Start of Block

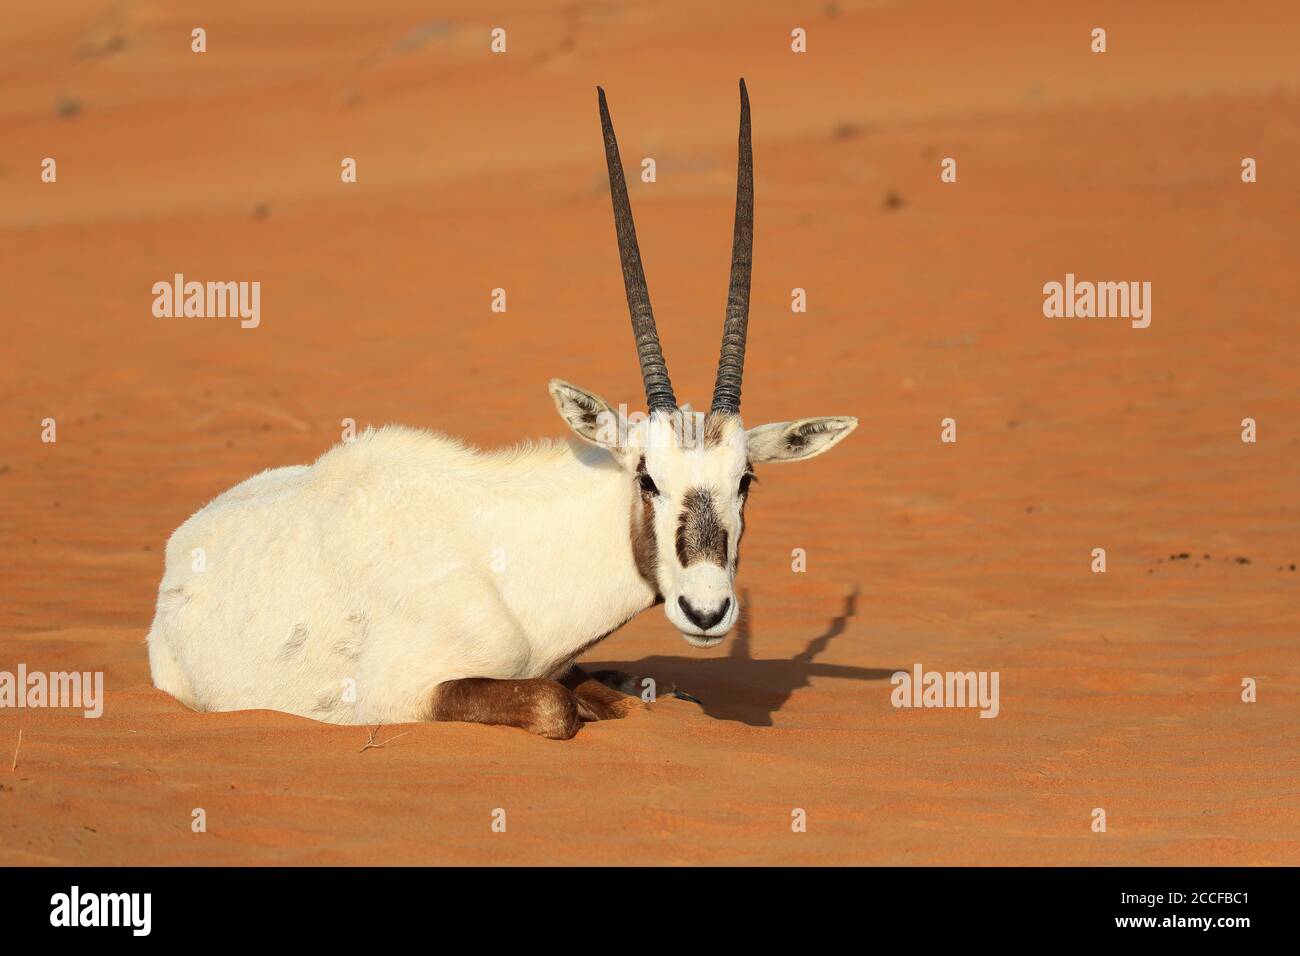 Arabian oryx antelope lies in the sand Stock Photo
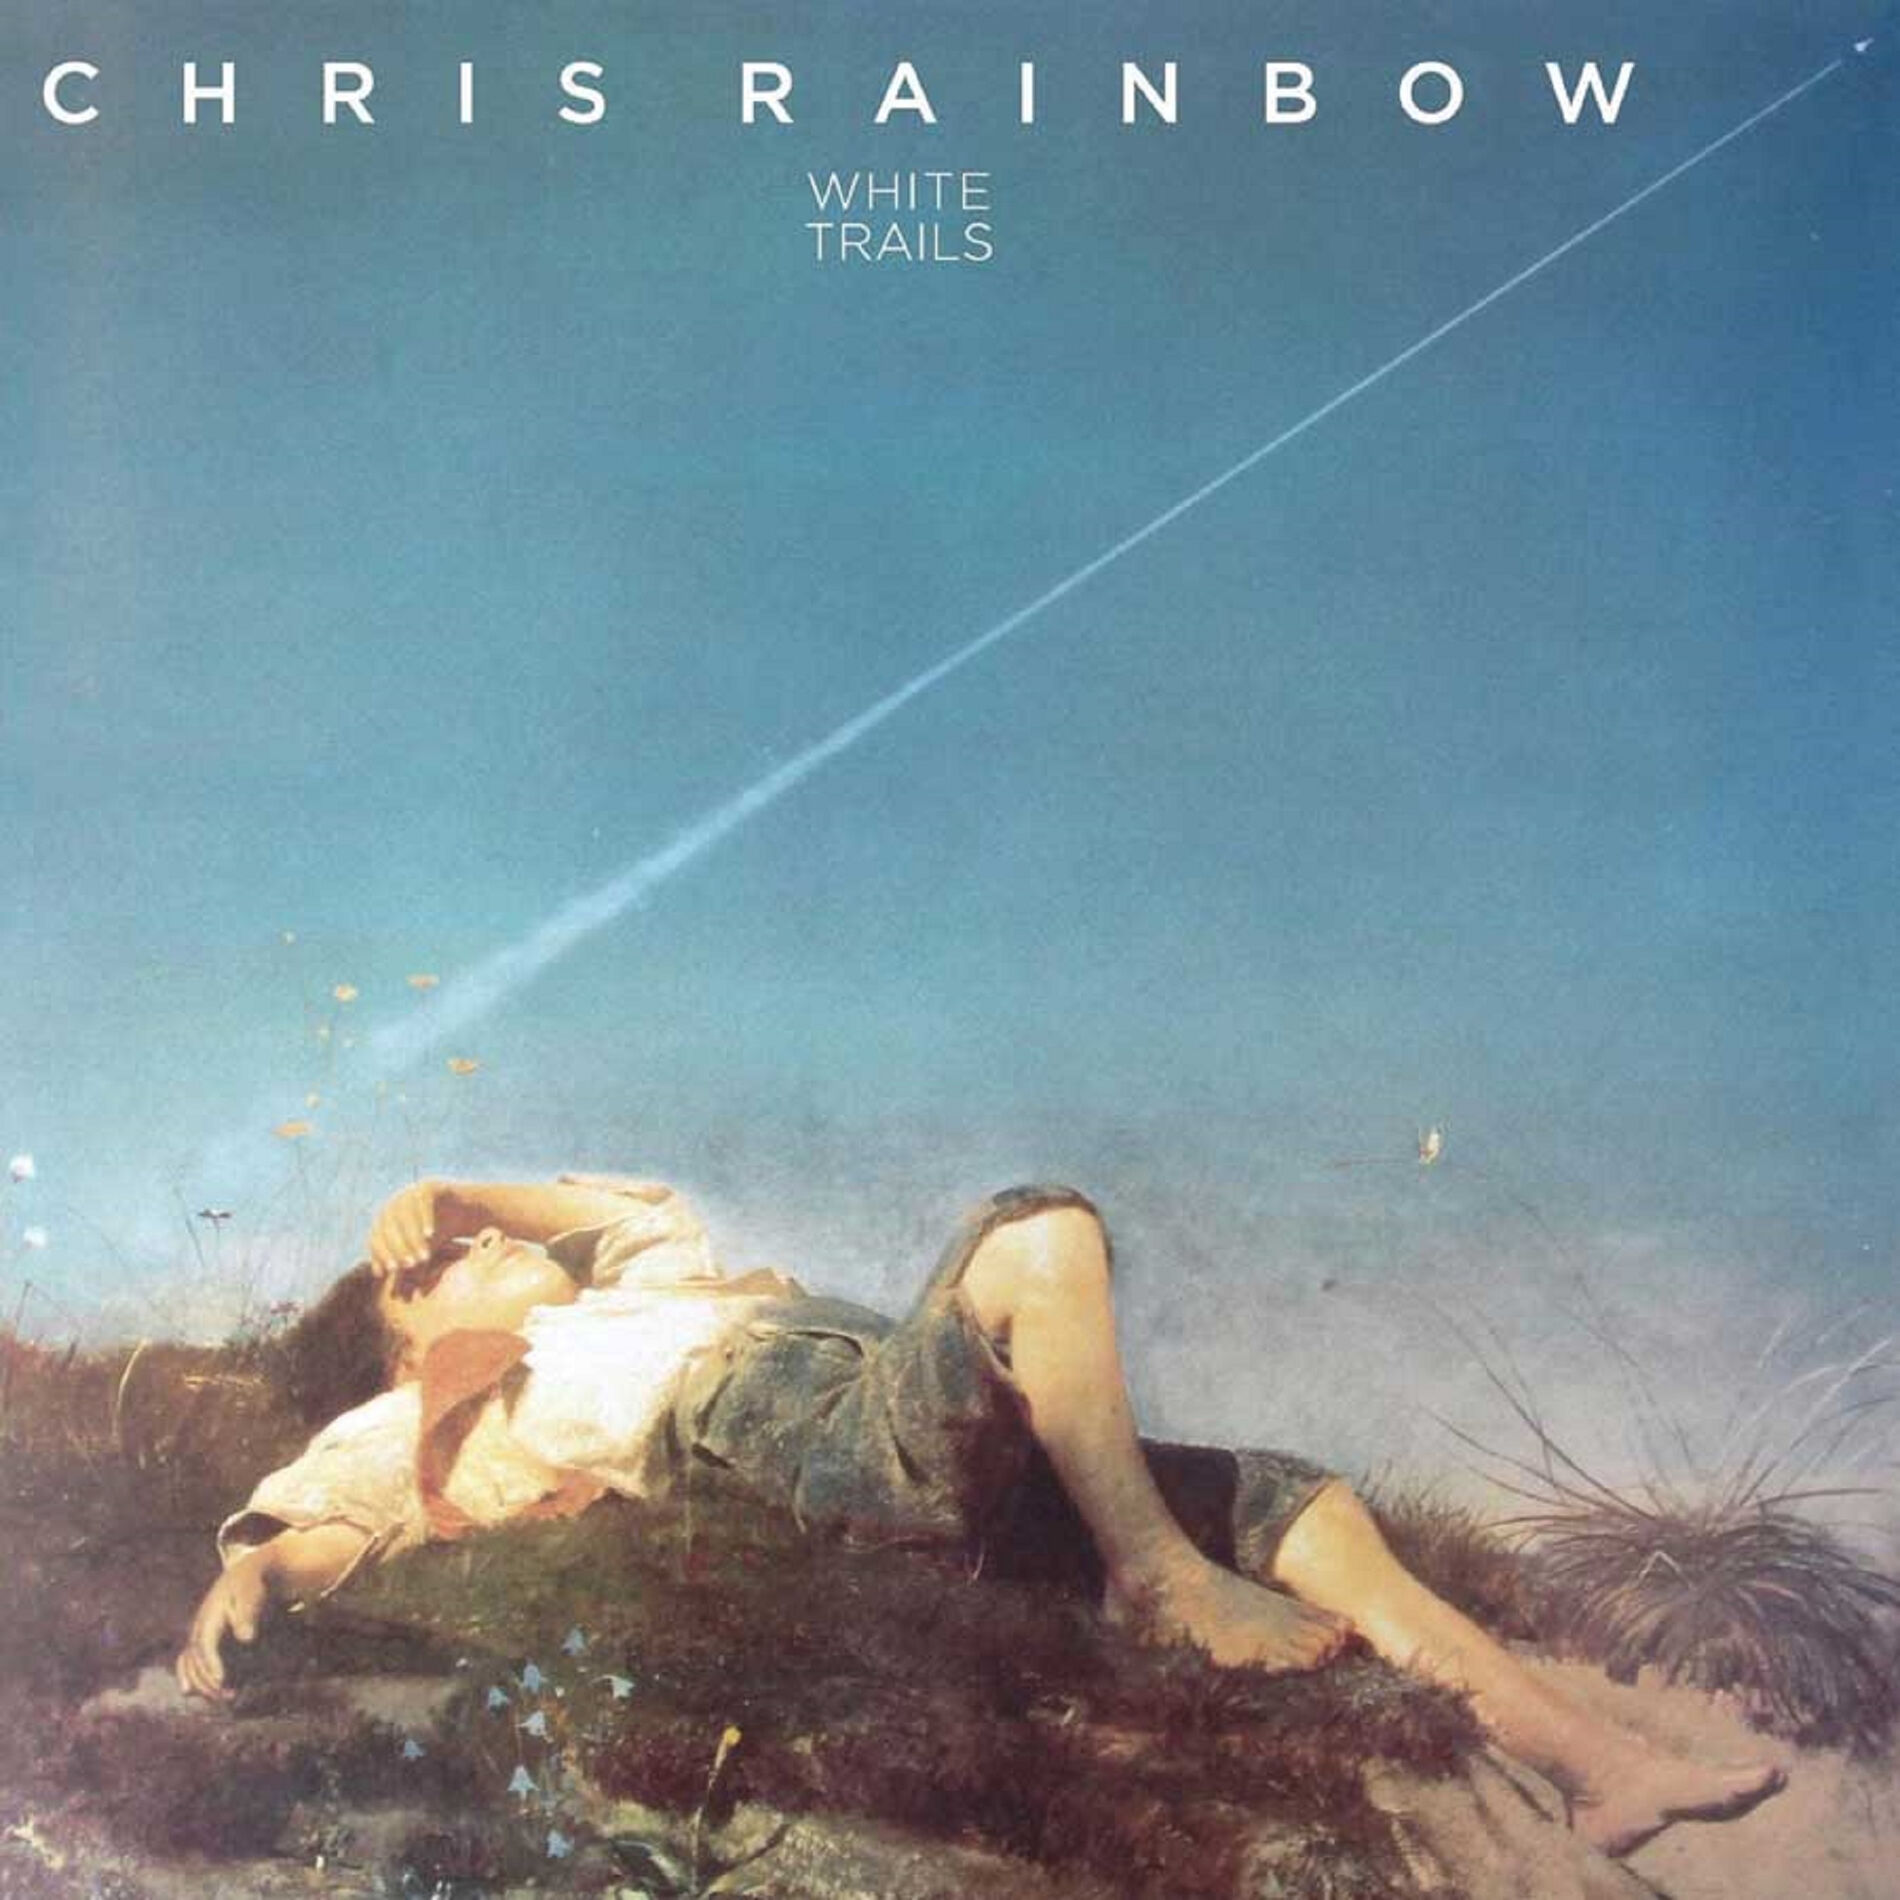 Chris Rainbow: albums, songs, playlists | Listen on Deezer
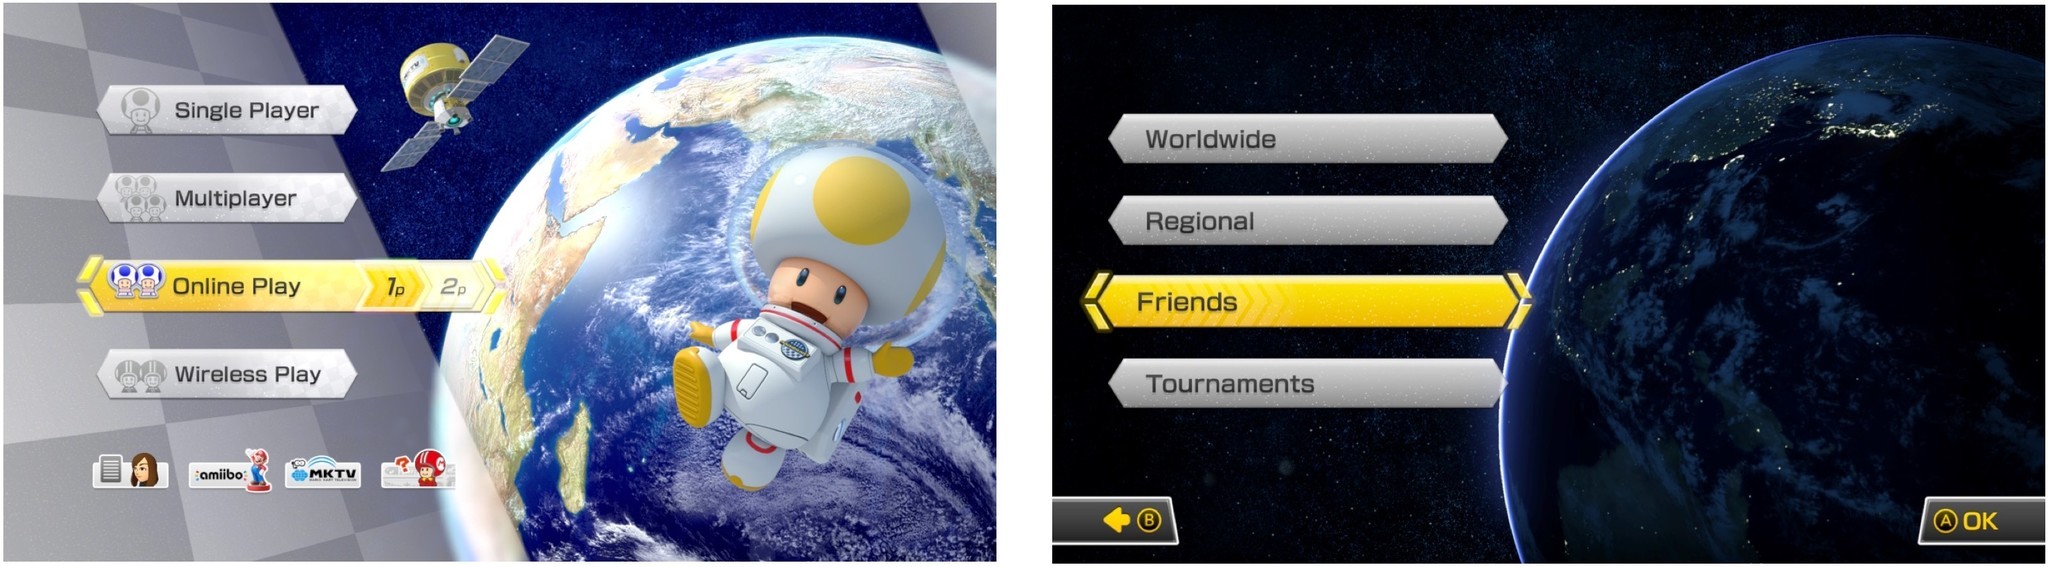 Play online for Mario Kart 8 Deluxe
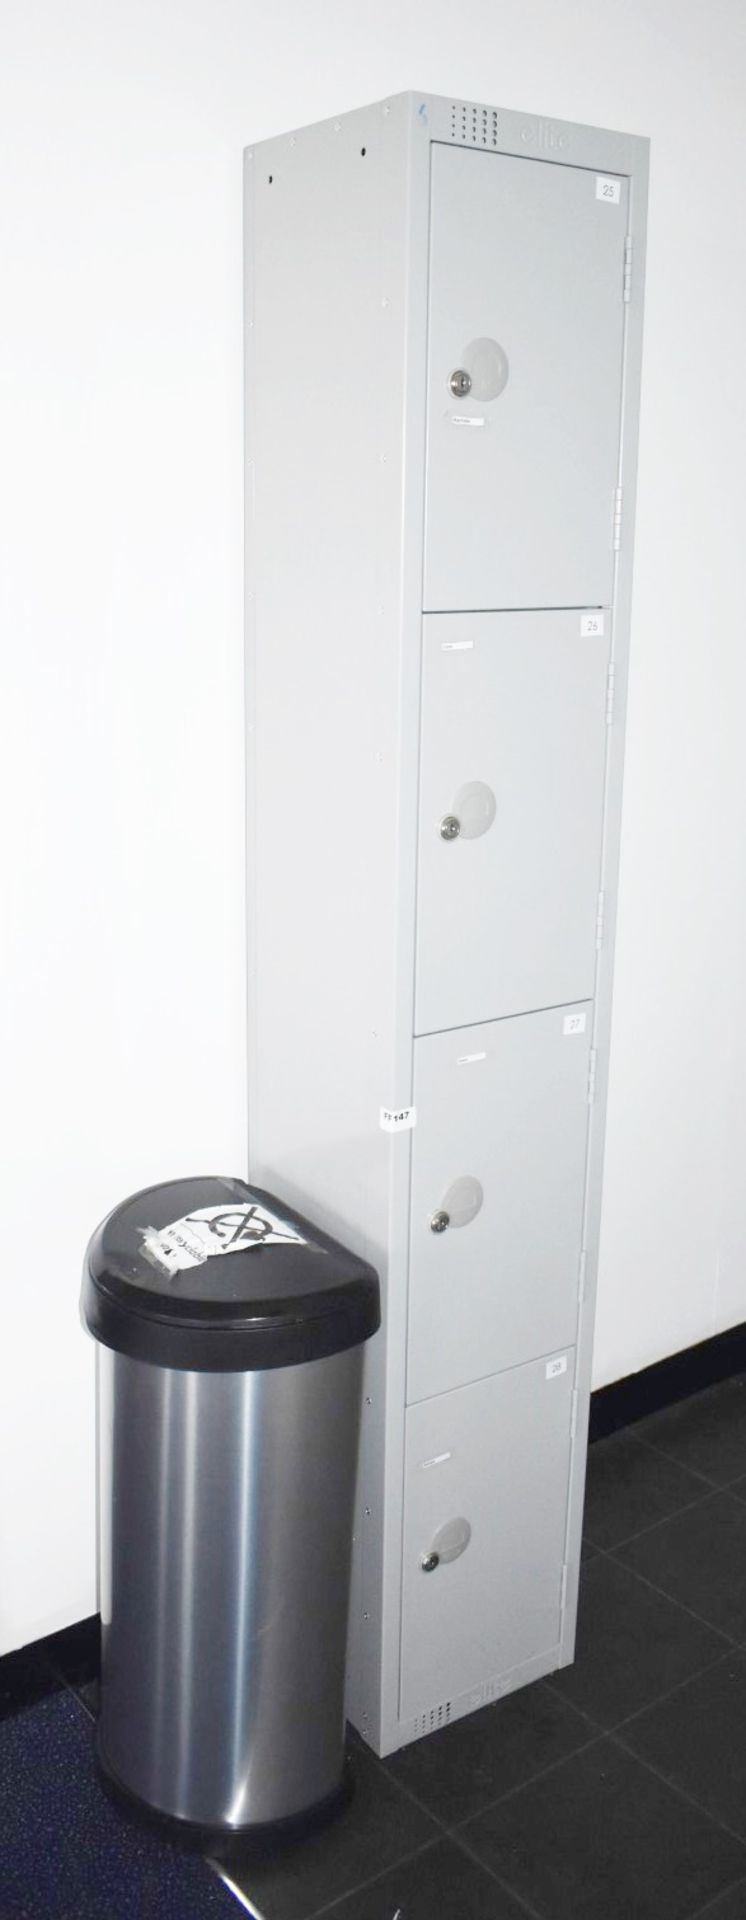 1 x Elite Four Door Staff Locker Without Keys - Includes Waste Bin - Ref: FF147 U - CL544 - - Image 2 of 3

End of Block

EXERCISE DIRECTIONS
An exact copy of the listing is required, with every image removed.

TASK ANSWER
 Arabian oryx antelope lies in the sand Stock Photo
 Chris Rainbow: albums, songs, playlists | Listen on Deezer
 Play online for Mario Kart 8 Deluxe
 1 x Elite Four Door Staff Locker Without Keys - Includes Waste Bin - Ref: FF147 U - CL544 - - Image 2 of 3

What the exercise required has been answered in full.